* _EXERCISE OBJECTIVE_
Return the stretch from the line with "You can't control" through the line with "Classic women's pajamas" in the data below, character for character, skipping all pictures.

* _INPUT MATERIAL_
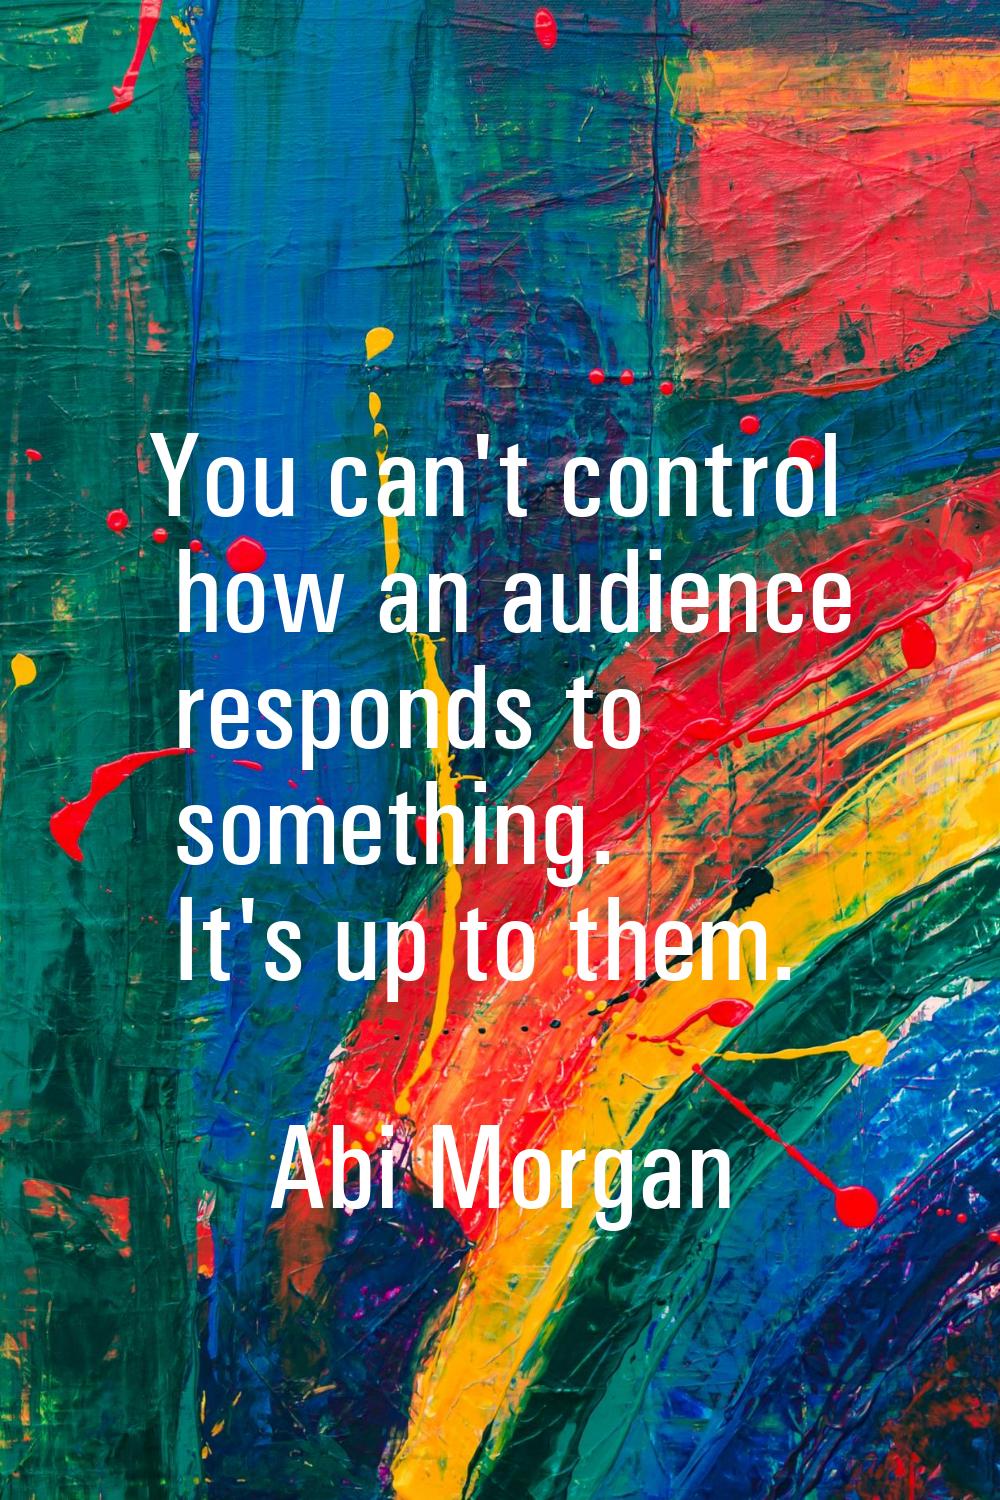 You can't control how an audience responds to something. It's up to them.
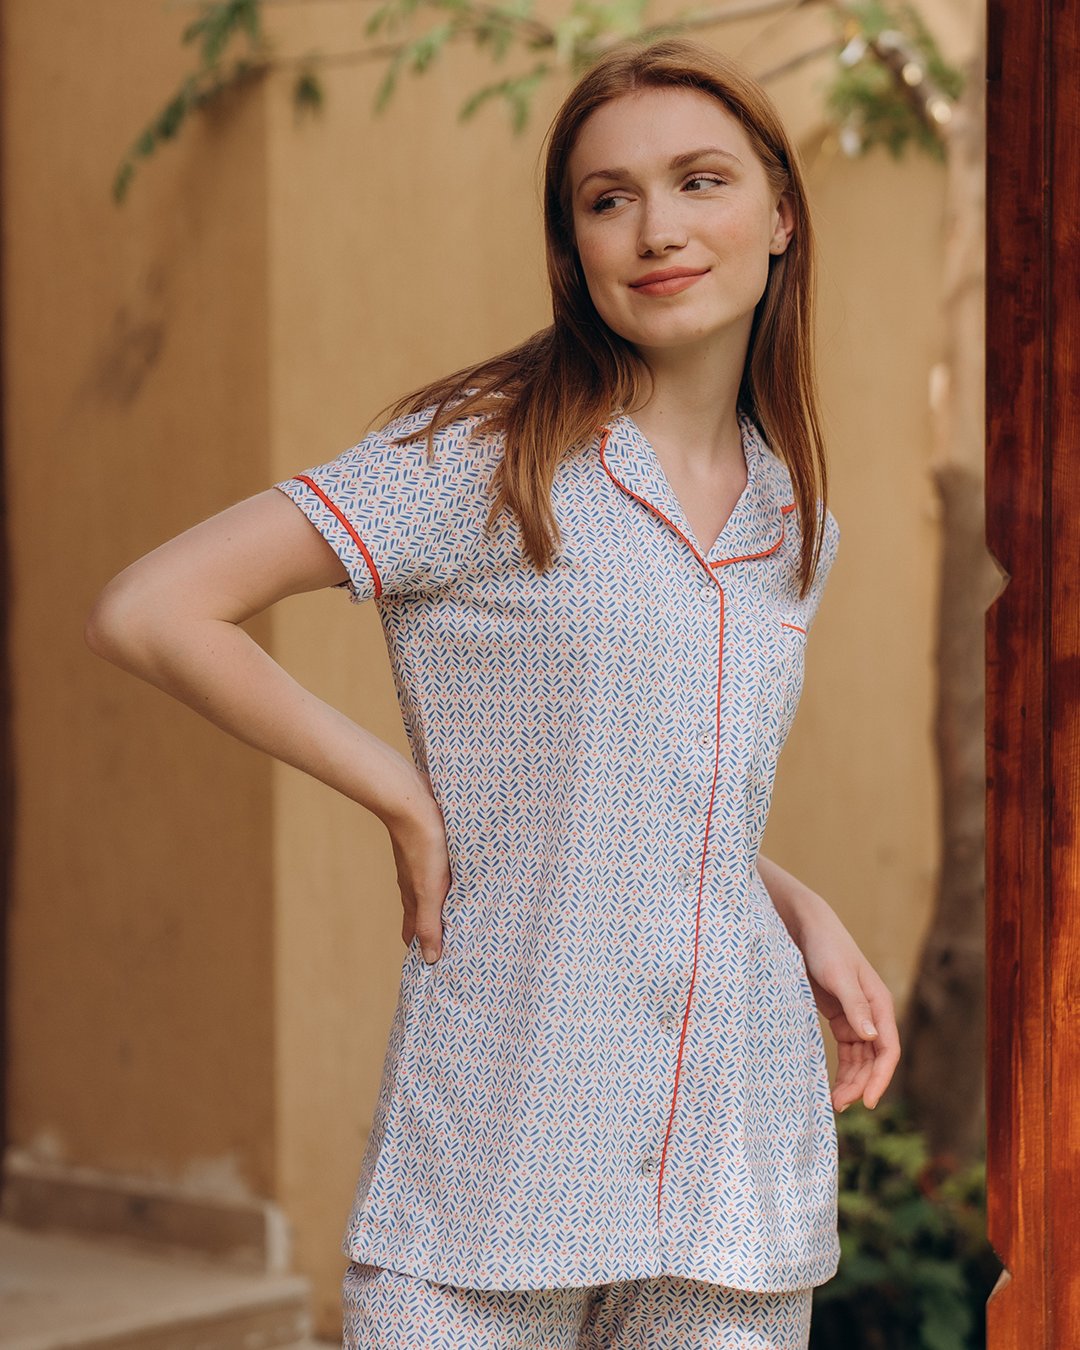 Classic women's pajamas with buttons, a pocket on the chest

...

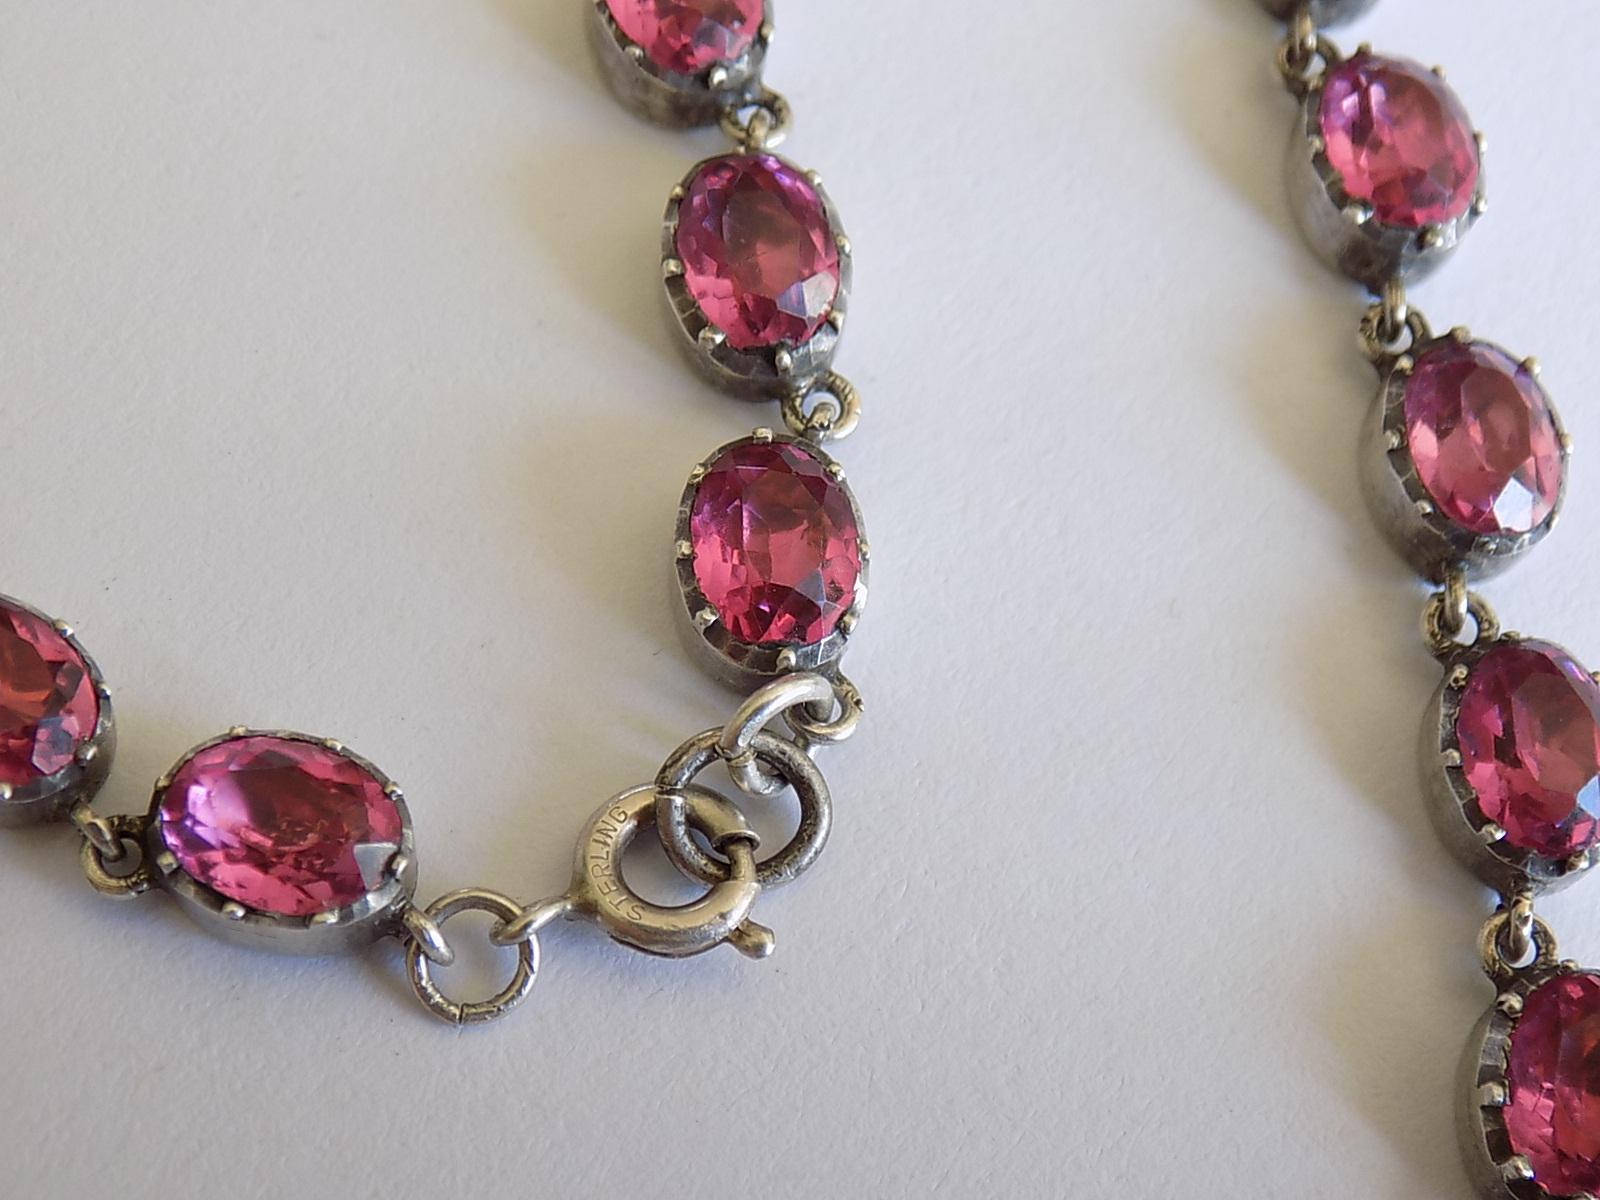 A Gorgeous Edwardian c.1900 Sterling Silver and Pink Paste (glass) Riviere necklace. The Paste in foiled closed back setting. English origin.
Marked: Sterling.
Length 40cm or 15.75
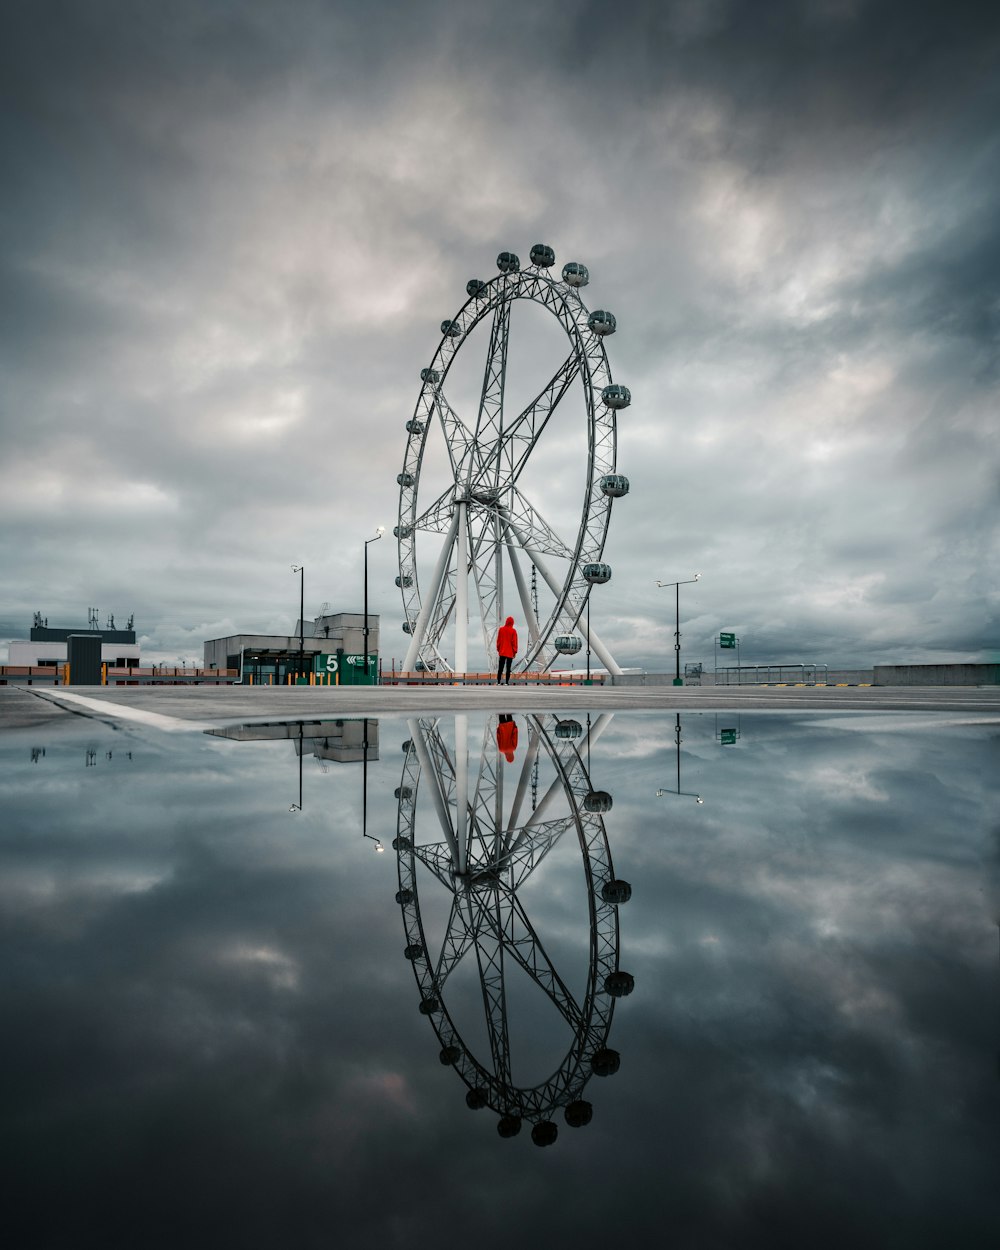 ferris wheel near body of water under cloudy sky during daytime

* _PROBLEM SOLUTION_
 You can't control how an audience responds to something. It's up to them.
 Classic women's pajamas with buttons, a pocket on the chest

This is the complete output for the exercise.